Absent a no-AG promise, launching an authorized generic would seem to be economically rational for the brand.  For this reason, the fact that the brand promises not to launch an authorized generic (thereby giving up considerable value to the settling generic) makes the settlement something more than just an agreed-upon early entry: it "may instead provide strong evidence that the patentee seeks to induce the generic challenger to abandon its claim with a share of its monopoly profits that would otherwise be lost in the competitive market." [citing Actavis]

The Court also rejected defendants' argument that the "no authorized generic" portion of the agreement was an exclusive license, inter alia because (in a footnote) the panel stated that the agreement was not an exclusive license and in the body of the opinion opined that licensing could not be used solely for anticompetitive effect.

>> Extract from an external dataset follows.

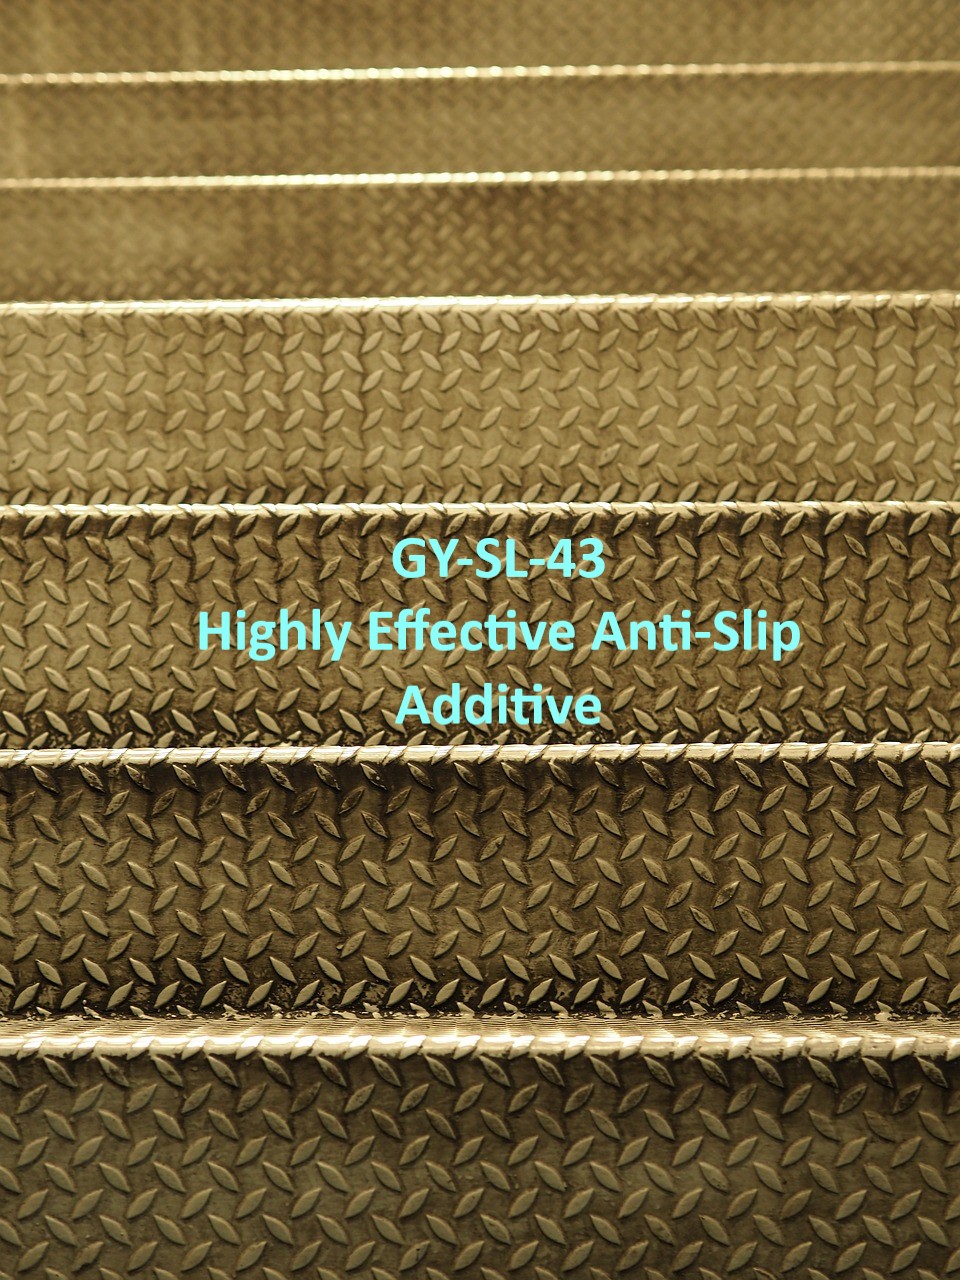 GY-SL-43 Highly Effective Anti-Slip Additive

The result of this decision is that, at least in the Third Circuit, the scope of agreements subject to the rule of reason (or at least not subject to being dismissed for failure to state a claim) includes those having "no authorized generics" provisions in addition to agreements involving cash payments to generic challengers from branded drug makers.  This upsets several earlier decisions in this circuit, and it remains to be seen whether other circuits accept the panel's reasoning in considering this question.

DISCLAIMER: Because of the generality of this update, the information provided herein may not be applicable in all situations and should not be acted upon without specific legal advice based on particular situations.